April 12, 2004

SO LITTLE FOR THE MIND:

Textbook Jungle: Today's history books aren't just politically correct. They're boring.
(WSJ.online, 09/04/04)

Remember that classroom scene in "Ferris Bueller's Day Off" where a monotone Ben Stein plays a teacher boring his class half to death? If two recent studies are any clue, the boredom Mr. Stein inflicted on the silver screen is now the reality in all too many history classrooms across America.

In this case, however, the blame is going to the texts and not the teachers. For "A Consumer's Guide to High School History Textbooks," the Thomas B. Fordham Institute (www.edexcellence.net) commissioned assorted historians and teachers to review six popular texts in American history and an equal number in world history. As its title suggests, "World History Textbooks: A Review" (www.historytextbooks.org)--undertaken by the American Textbook Council (ATC)--is also a review of several texts, although it is narrower in scope and more unified in its editorial voice.
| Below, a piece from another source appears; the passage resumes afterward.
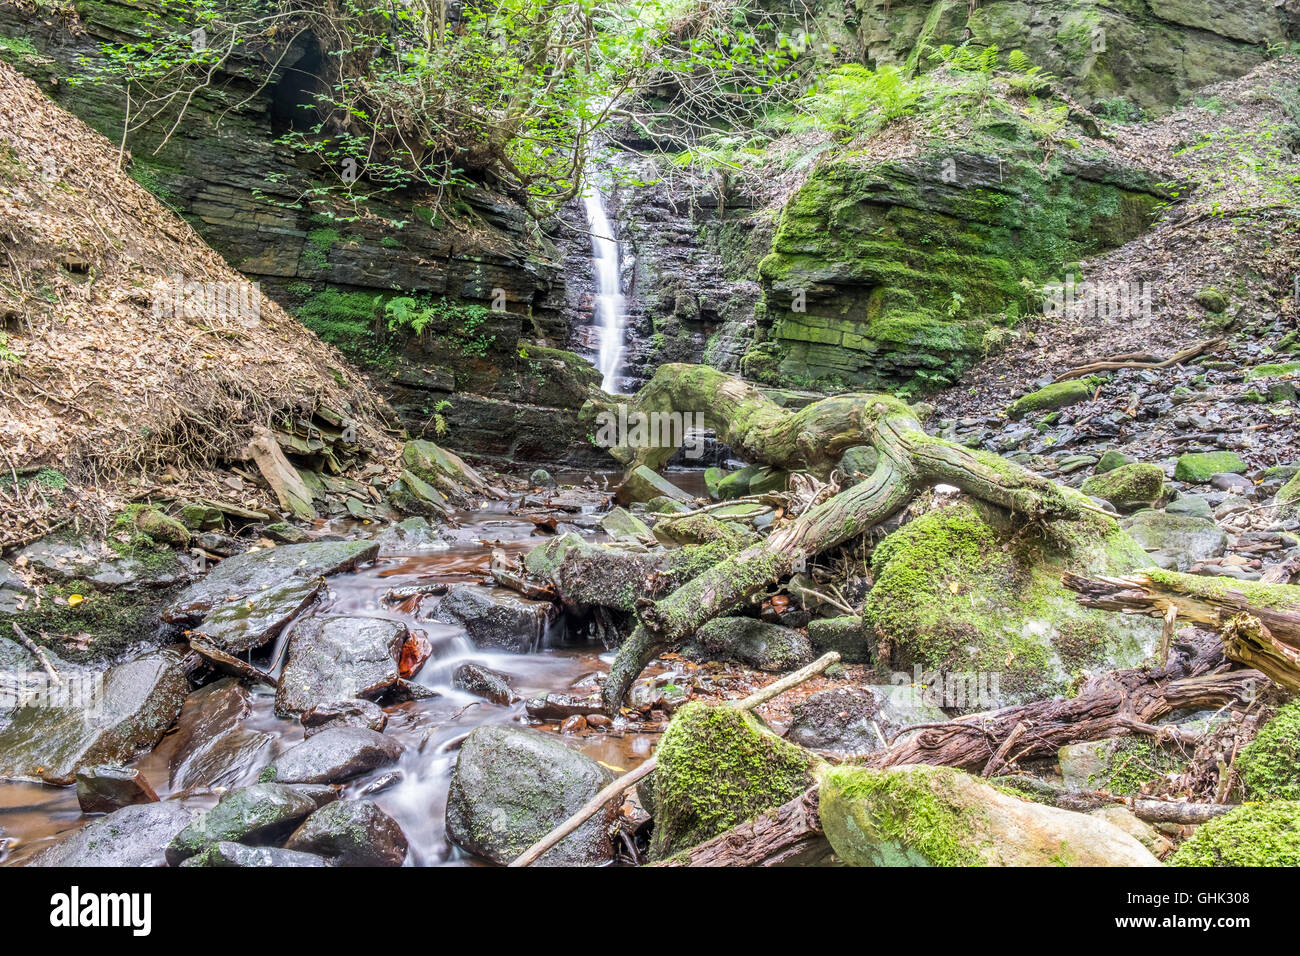 A small waterfall running down a small rock face into a small river with tree trunks that has fallen down the embankment. Stock Photo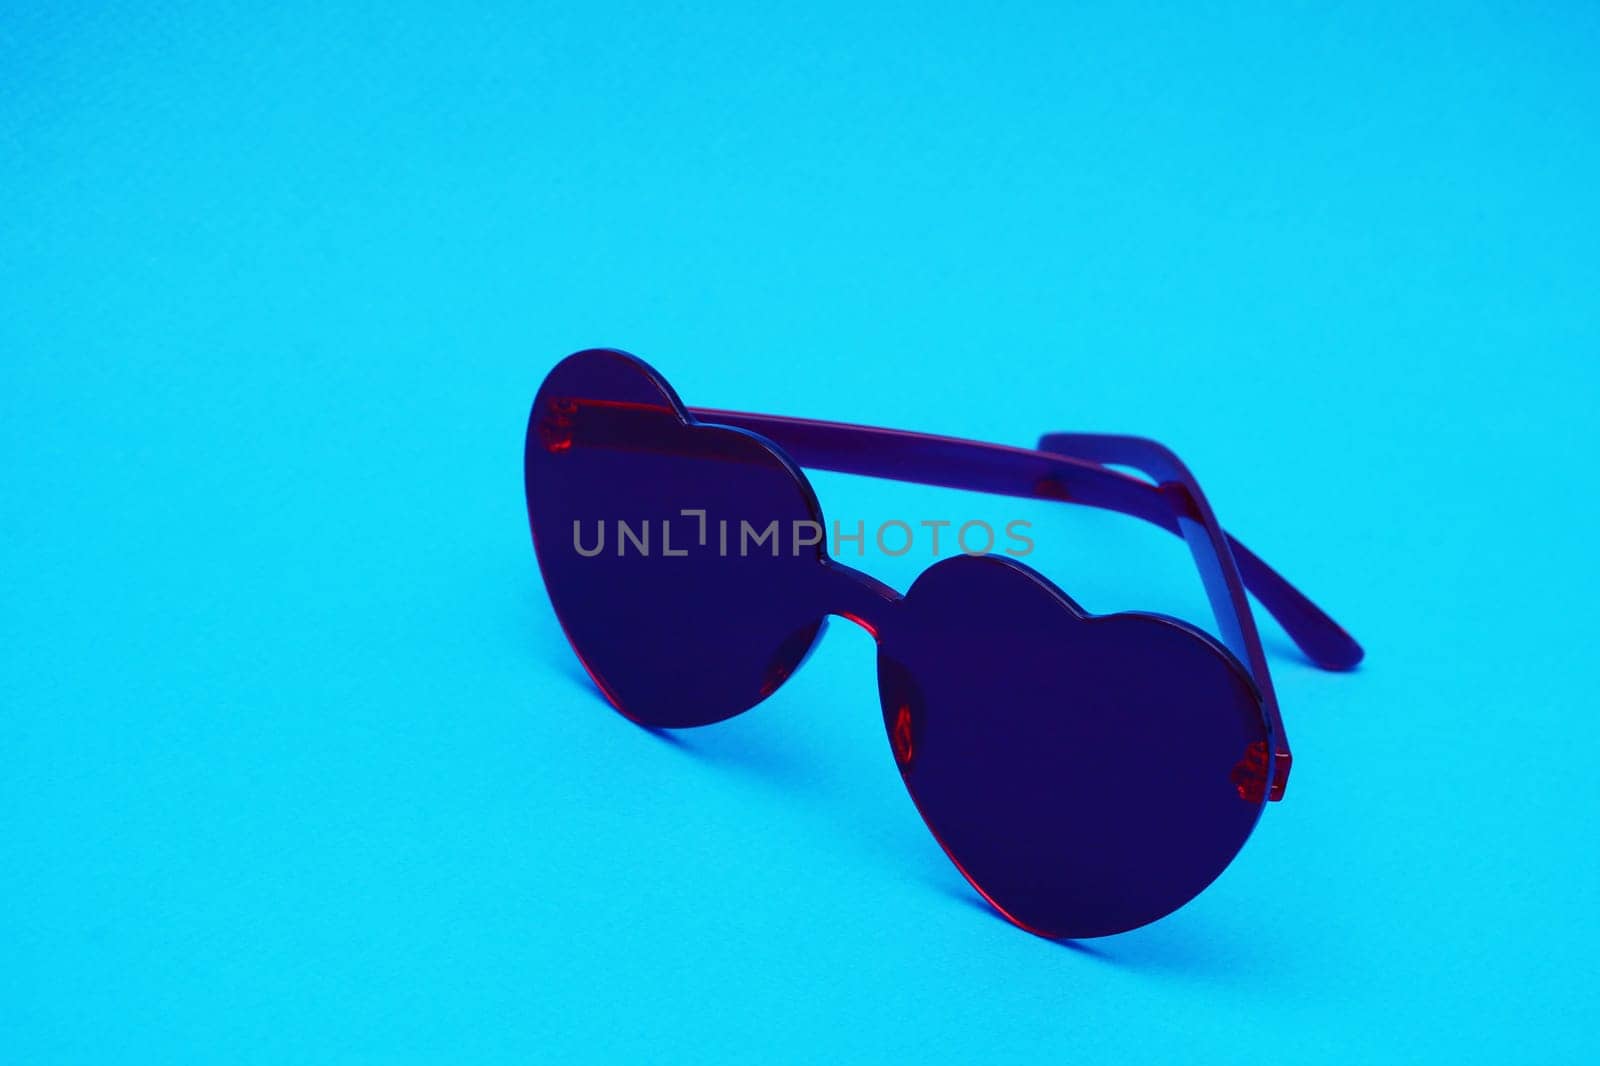 Heart-shaped glamor glasses in dark red color in the shape of a heart on a blue paper background.

Whatever their differences, the two studies reach the same conclusion: Bad history makes for tedious textbooks.

Take Prentice Hall's "World History: Connections to Today." Though one of the most popular high-school texts in America, this book received low marks from both studies. One Fordham reviewer criticized the book for its attempts to "redress prior imbalances in civilizational coverage by at times inflating or elevating one culture or civilization's achievements at the expense of European or Western accomplishments." For example, Columbus's voyage to the New World is attributed not to European advances but to contributions from "Muslim astronomers and navigators."

The problem is not just incipient political correctness and questions of balance. As the ATC review notes, these texts also elevate lush photos and handsome graphics over a coherent story line. And the "exercises" that students are asked to do can be more deadening than the words they are asked to read. Is any 10th-grader really equipped to answer the larger questions--whether war is ever justified, whether diversity strengthens or weakens a society, what limits there should be on freedom of speech--based on the barest exposure to the past?

"Such instructional exercises," the ATC asserts, "do not--as they claim to do--promote genuine critical thinking. They discourage deep reading on the subject and invite facile discussion. They promote classroom sloganeering. They favor the glib student and the showboat teacher."

Anyone with kids knows how bored most of them are by school history and how little they retain. They often can get a fair grade on the sole basis of a rant against racism and sexism. It is all well and good to blame book companies and teachers, but could this have happened without the tacit support of many parents who would rather their children make them proud by regurgitating their prejudices than embarrass them with critical thought?

Posted by Peter Burnet at April 12, 2004 6:41 AM
Comments

Part of the reason high school history is so boring is that it's taught in a different way from college history. High school teachers can't (or don't) expect their kids to read a 500-page specialty text for each session, so you end up with a generic text that the teacher essentially reads out loud. And because there's so much to cover in a generic text, everyone feels the need to race through it, rendering all human events as a mash of ill-explained, unconnected anecdotes. Pretty much a waste of everybody's time - perhaps history (and you could argue philosophy as well) is a discipline studied best when self-taught.